A communication terminal used in a communication system,
The communication system is:
Multi-talk is realized by connecting three or more communication terminals equipped with sound source localization speakers to each other via a communication line.
One or more communication terminals that are transmitting audio signals from the connected communication terminal are identified, and communication state information that associates the identified communication terminals with the volume of the audio signal transmitted by the communication terminals is generated. A communication state detection unit;
A communication terminal that receives the communication status information and receives a currently transmitted voice signal is identified as a receiving terminal, and is currently transmitted based on a sound image synthesis rule set for each identified receiving terminal. A sound image synthesizing device that performs sound image synthesis for each receiving terminal with respect to the audio signal, and transmits the synthesized sound image to the receiving terminal;
The communication terminal is
A storage device for storing sound image synthesis rules;
A control device that reads and transmits a sound image synthesis rule from the storage device, and
The controller is
A function for identifying a user of a communication terminal connected via a communication line using a telephone directory function, and extracting information of the specified user;
A function of setting the sound image synthesis rule based on the specified user information,
The information of the specified user is the number of past calls with the specified user, the call time, the number of mail transmission / reception, or the size of the mail transmitted / received,
Communication terminal and the control device, which upon setting of the sound image combining rule, grouping a plurality of users who have the particular or ranks, and wherein the.

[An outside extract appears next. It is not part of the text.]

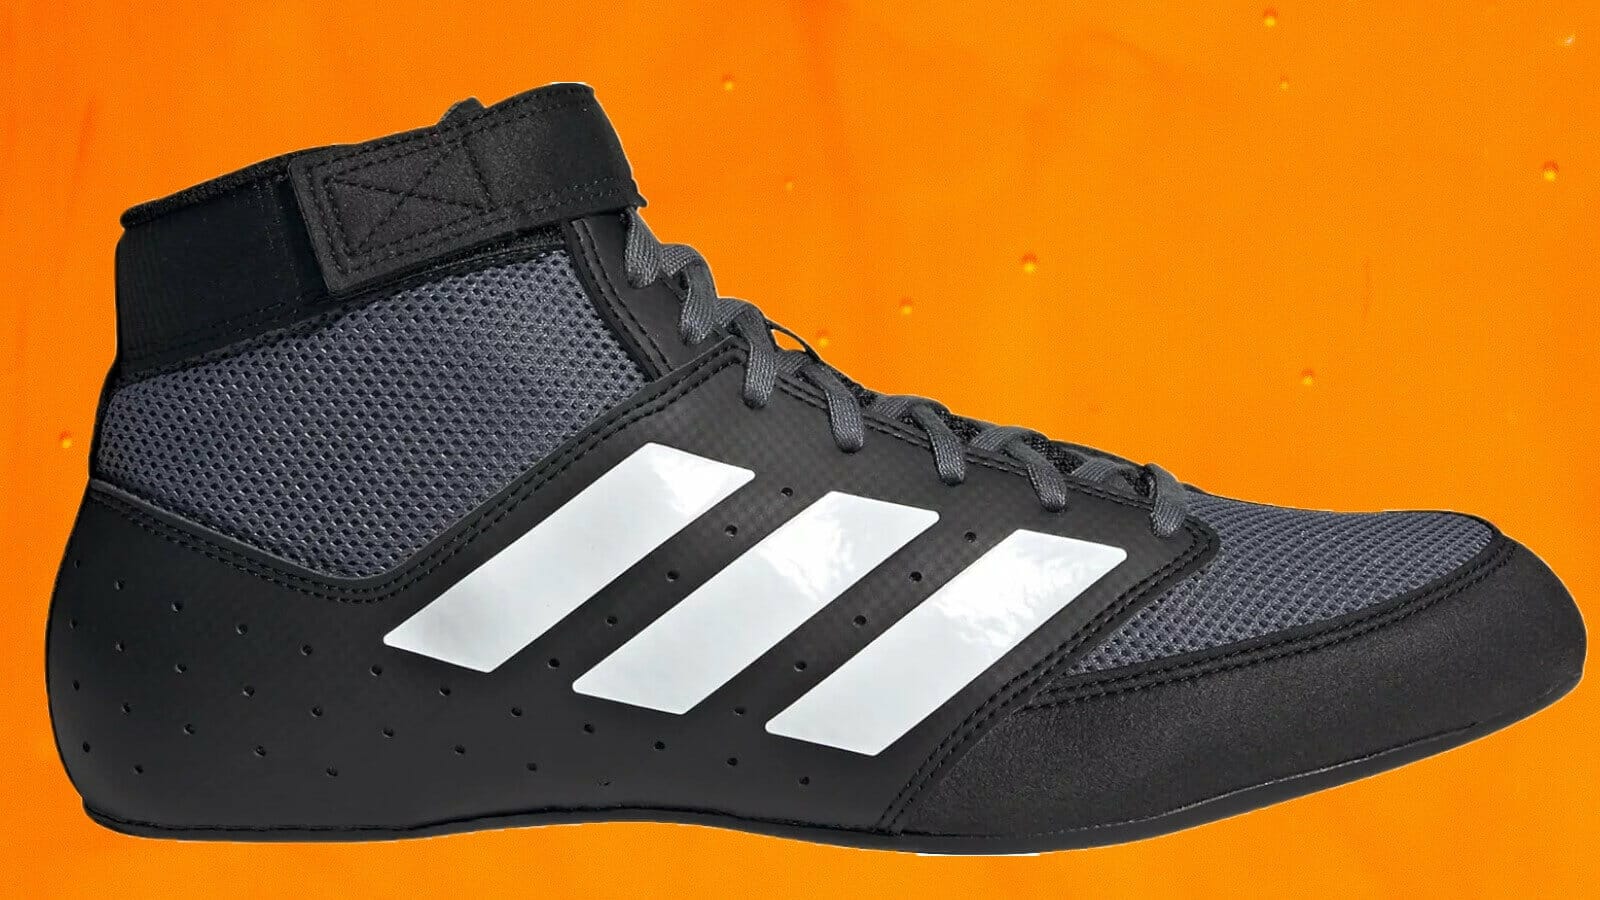 Profile of adidas Mat Hog 2.0 youth size shoe.

A communication terminal used in a communication system,
The communication system is:
Three or more communication terminals including a sound source localization speaker and a video display device are connected to each other via a communication line to realize a videophone multitalk.
Communication state information that identifies one or more communication terminals that are transmitting audio signals and video signals from the connected communication terminal, and associates the identified communication terminals with the volume of the audio signal transmitted by the communication terminal. A communication state detection unit for generating
A communication terminal that receives the communication status information and receives a currently transmitted audio signal and video signal is identified as a receiving terminal, and is currently transmitted based on a video composition rule set for each identified receiving terminal. A video synthesizer that performs video synthesis for each receiving terminal for the received video signal, transmits the synthesized video to the receiving terminal, and generates video synthesis information relating to the synthesized video;
A sound image synthesizing device that performs sound image synthesis for each receiving terminal on the currently transmitted audio signal based on the video synthesis information, and transmits the synthesized sound image to the receiving terminal;
The communication terminal is
A storage device for storing video composition rules;
A control device that reads and transmits a video composition rule from the storage device, and
The controller is
A function for identifying a user of a communication terminal connected via a communication line using a telephone directory function, and extracting information of the specified user;
A function of setting the video composition rule based on the information of the identified user,
The information of the specified user is the number of past calls with the specified user, the call time, the number of mail transmission / reception, or the size of the mail transmitted / received,
Communication terminal and the control device, in which when setting of the video combining rule, grouping a plurality of users who have the particular or ranks, and wherein the.